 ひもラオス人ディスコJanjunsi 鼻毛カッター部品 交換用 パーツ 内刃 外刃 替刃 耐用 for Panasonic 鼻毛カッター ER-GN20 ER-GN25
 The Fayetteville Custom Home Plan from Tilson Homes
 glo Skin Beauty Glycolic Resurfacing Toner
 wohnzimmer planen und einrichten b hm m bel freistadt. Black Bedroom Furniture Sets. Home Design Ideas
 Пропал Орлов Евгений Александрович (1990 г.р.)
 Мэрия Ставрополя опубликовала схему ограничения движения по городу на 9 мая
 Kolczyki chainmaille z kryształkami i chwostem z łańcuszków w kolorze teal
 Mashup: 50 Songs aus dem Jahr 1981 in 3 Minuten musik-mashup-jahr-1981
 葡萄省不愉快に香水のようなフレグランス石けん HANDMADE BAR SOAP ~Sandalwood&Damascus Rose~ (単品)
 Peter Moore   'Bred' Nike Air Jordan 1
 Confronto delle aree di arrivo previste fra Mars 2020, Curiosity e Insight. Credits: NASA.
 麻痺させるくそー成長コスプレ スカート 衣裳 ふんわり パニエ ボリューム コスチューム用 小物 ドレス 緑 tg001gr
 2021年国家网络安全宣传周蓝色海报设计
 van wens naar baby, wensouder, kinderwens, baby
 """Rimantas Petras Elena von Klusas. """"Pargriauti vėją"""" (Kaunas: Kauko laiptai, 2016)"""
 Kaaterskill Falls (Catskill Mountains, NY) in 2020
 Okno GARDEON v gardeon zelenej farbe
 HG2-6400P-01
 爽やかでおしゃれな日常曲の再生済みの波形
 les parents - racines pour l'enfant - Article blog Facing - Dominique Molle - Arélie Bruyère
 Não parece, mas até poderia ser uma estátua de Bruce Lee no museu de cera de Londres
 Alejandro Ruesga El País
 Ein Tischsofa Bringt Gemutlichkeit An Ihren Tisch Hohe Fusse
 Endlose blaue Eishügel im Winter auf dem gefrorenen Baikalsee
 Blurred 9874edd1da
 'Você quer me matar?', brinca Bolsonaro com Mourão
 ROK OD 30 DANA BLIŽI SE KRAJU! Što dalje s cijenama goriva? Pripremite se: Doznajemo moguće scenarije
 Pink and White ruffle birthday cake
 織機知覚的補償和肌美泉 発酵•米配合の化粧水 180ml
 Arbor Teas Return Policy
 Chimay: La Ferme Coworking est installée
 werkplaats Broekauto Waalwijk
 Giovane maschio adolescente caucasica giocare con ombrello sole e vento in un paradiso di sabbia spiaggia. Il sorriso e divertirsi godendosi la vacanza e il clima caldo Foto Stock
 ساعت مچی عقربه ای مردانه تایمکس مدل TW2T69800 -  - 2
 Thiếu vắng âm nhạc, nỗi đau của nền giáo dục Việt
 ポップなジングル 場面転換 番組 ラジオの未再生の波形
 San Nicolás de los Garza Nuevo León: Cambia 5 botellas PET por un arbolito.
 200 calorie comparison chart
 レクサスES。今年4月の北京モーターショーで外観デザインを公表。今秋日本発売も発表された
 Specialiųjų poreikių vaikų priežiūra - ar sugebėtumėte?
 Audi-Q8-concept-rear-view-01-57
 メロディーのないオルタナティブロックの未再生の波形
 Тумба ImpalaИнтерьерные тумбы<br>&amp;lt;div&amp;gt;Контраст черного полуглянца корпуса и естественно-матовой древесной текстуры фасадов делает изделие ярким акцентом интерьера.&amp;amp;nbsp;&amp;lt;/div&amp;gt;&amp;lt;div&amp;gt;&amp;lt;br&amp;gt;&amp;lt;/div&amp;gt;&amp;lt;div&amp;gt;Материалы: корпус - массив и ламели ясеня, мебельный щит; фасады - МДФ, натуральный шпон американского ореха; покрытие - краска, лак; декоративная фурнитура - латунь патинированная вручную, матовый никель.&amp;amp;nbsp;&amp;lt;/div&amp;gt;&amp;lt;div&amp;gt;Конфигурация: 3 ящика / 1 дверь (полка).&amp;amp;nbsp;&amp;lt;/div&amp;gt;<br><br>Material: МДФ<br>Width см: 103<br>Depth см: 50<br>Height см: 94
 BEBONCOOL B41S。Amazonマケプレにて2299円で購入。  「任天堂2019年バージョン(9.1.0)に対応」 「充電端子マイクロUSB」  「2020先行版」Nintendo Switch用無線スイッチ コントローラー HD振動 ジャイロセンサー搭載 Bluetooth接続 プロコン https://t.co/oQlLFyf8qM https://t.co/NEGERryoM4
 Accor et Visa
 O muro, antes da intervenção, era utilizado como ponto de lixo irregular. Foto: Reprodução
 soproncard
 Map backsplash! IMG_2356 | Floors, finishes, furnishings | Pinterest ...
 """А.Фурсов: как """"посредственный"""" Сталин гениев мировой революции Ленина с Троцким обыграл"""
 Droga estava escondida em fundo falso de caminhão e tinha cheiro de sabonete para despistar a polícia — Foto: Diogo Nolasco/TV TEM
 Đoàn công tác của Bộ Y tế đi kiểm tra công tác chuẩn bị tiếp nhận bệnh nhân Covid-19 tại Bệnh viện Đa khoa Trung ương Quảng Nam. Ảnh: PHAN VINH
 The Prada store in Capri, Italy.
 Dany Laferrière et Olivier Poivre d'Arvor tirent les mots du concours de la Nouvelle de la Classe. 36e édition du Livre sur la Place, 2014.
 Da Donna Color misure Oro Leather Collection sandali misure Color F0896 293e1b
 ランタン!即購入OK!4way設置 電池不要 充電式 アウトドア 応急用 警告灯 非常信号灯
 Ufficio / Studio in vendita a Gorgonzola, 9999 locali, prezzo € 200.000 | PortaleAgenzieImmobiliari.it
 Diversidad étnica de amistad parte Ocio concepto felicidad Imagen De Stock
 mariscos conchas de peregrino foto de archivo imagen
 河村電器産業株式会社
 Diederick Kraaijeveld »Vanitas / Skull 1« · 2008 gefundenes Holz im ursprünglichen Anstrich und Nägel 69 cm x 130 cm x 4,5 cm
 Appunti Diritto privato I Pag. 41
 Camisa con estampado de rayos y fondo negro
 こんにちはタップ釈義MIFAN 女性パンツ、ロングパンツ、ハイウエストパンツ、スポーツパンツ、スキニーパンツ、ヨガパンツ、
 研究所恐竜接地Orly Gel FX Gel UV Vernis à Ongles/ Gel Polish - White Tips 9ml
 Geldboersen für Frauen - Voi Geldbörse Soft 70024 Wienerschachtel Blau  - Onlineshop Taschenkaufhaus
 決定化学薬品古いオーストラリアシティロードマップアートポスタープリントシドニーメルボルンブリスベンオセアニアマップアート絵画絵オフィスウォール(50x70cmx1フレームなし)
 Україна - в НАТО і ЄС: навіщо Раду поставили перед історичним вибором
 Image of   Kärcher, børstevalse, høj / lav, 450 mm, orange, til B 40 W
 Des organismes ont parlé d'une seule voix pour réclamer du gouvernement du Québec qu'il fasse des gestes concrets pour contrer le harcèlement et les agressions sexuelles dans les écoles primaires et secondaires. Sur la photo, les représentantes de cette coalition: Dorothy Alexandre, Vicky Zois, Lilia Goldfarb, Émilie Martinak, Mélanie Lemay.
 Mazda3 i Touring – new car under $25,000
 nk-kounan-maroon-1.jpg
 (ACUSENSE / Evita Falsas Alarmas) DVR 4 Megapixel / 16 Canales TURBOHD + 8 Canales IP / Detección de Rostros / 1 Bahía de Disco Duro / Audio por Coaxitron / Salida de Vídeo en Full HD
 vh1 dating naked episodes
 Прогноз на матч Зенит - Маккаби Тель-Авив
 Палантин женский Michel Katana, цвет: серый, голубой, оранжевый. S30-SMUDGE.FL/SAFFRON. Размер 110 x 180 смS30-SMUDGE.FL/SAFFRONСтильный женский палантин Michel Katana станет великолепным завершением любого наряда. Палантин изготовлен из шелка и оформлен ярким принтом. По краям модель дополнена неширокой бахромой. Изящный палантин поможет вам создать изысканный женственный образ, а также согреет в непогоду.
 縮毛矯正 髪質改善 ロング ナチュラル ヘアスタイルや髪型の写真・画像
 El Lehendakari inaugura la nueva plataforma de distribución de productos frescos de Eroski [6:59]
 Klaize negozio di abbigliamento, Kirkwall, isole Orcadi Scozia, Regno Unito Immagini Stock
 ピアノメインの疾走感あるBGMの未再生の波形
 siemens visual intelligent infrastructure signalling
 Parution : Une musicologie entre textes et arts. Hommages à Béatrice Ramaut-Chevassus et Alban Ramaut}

- - -

:: WHAT IS REQUIRED ::
Quote the listing above from its first line to the line with "Air Jordan 1", inclusive, and add nothing.

:: RESPONSE TO THIS EXERCISE ::
 ひもラオス人ディスコJanjunsi 鼻毛カッター部品 交換用 パーツ 内刃 外刃 替刃 耐用 for Panasonic 鼻毛カッター ER-GN20 ER-GN25
 The Fayetteville Custom Home Plan from Tilson Homes
 glo Skin Beauty Glycolic Resurfacing Toner
 wohnzimmer planen und einrichten b hm m bel freistadt. Black Bedroom Furniture Sets. Home Design Ideas
 Пропал Орлов Евгений Александрович (1990 г.р.)
 Мэрия Ставрополя опубликовала схему ограничения движения по городу на 9 мая
 Kolczyki chainmaille z kryształkami i chwostem z łańcuszków w kolorze teal
 Mashup: 50 Songs aus dem Jahr 1981 in 3 Minuten musik-mashup-jahr-1981
 葡萄省不愉快に香水のようなフレグランス石けん HANDMADE BAR SOAP ~Sandalwood&Damascus Rose~ (単品)
 Peter Moore   'Bred' Nike Air Jordan 1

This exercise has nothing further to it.